**Raw data**.
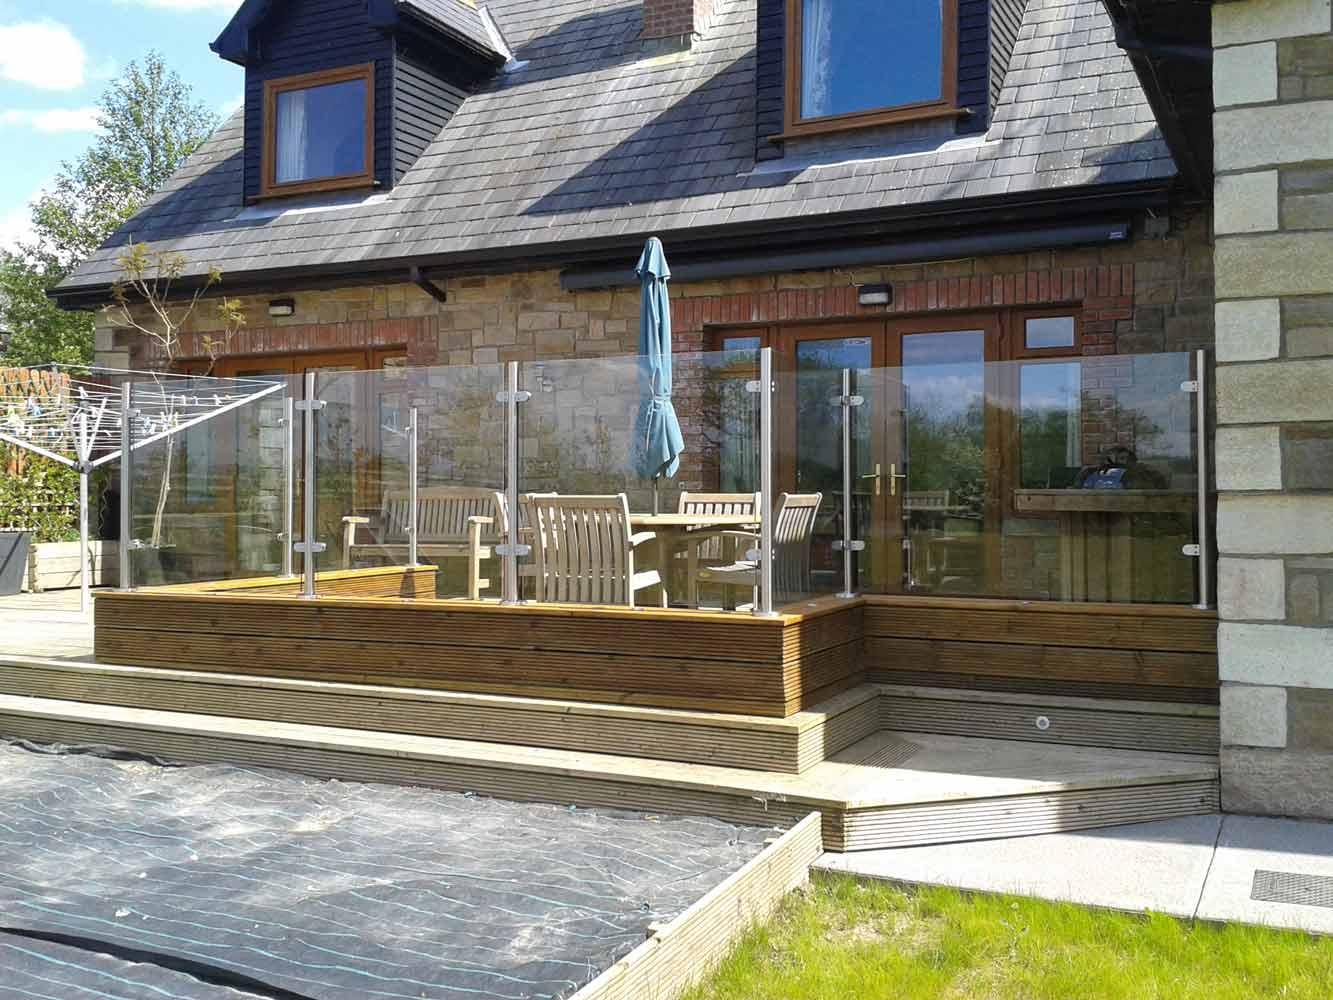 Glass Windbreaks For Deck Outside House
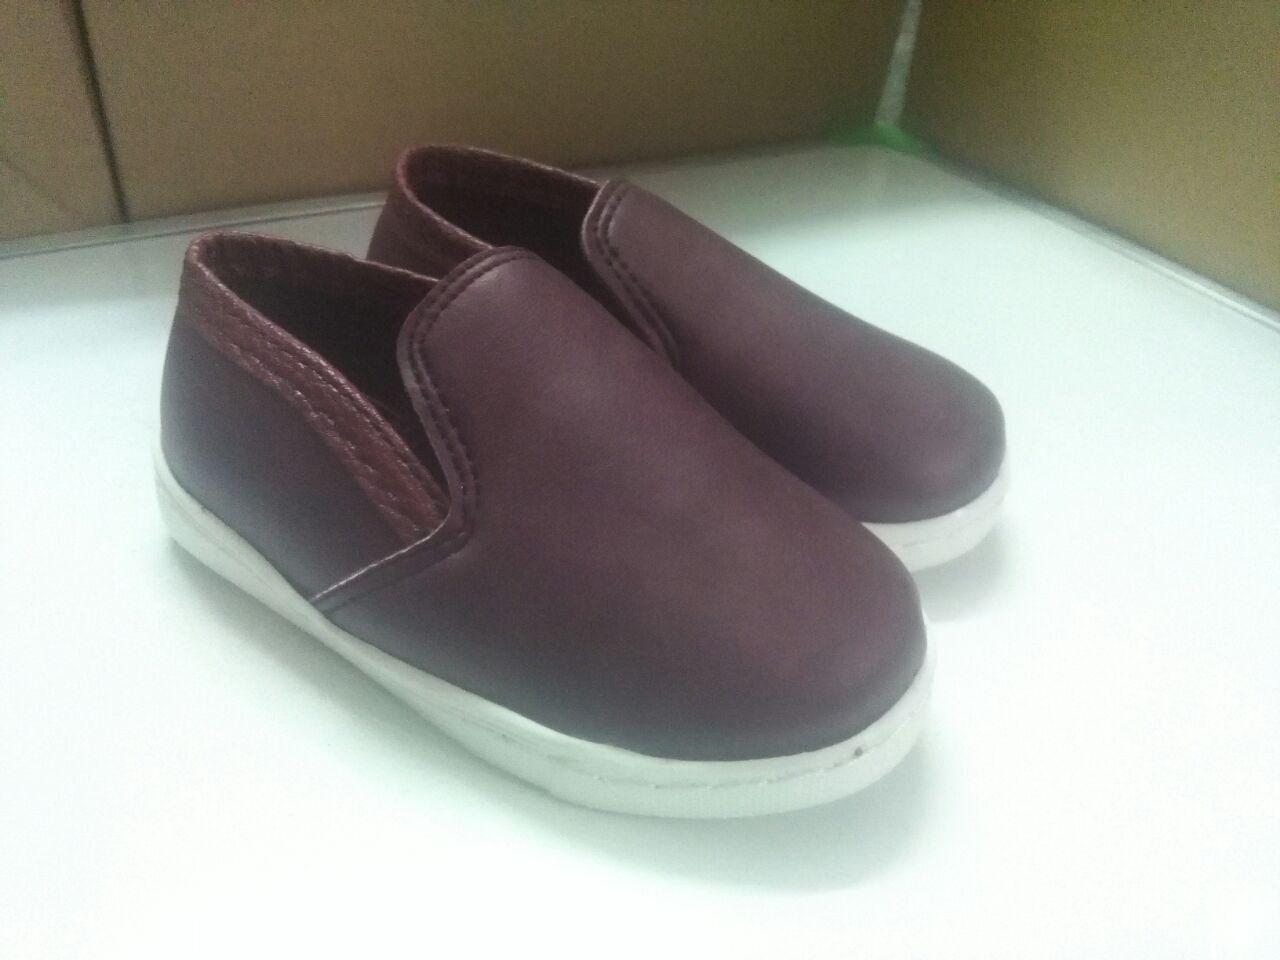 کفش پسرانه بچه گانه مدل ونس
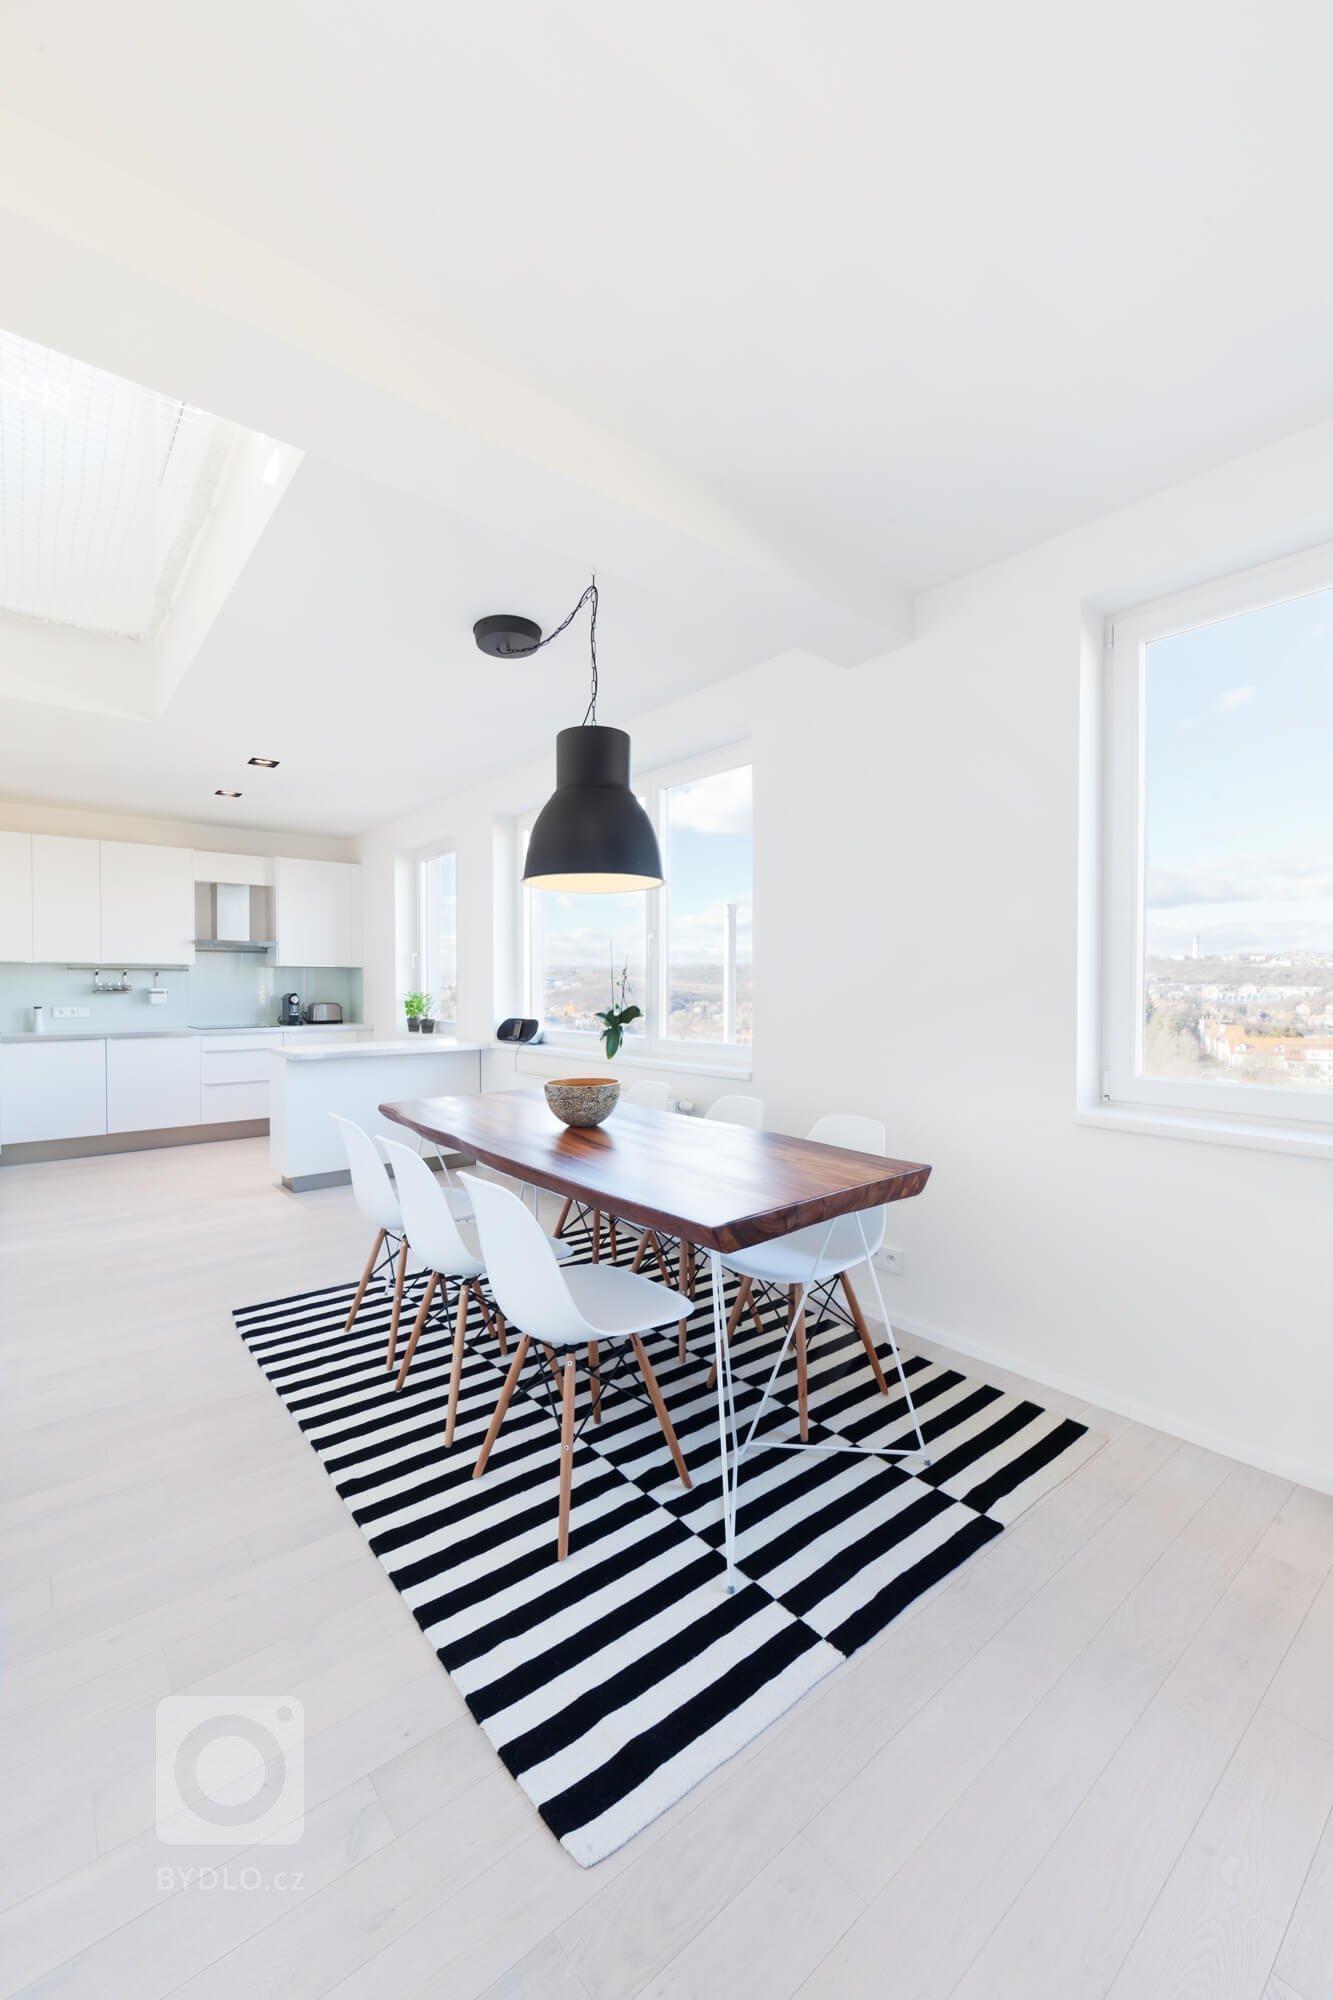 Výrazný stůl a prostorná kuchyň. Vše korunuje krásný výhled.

**Directions**.
Give the data above again, exactly, with every picture removed.

**Response**.
 Glass Windbreaks For Deck Outside House
 کفش پسرانه بچه گانه مدل ونس
 Výrazný stůl a prostorná kuchyň. Vše korunuje krásný výhled.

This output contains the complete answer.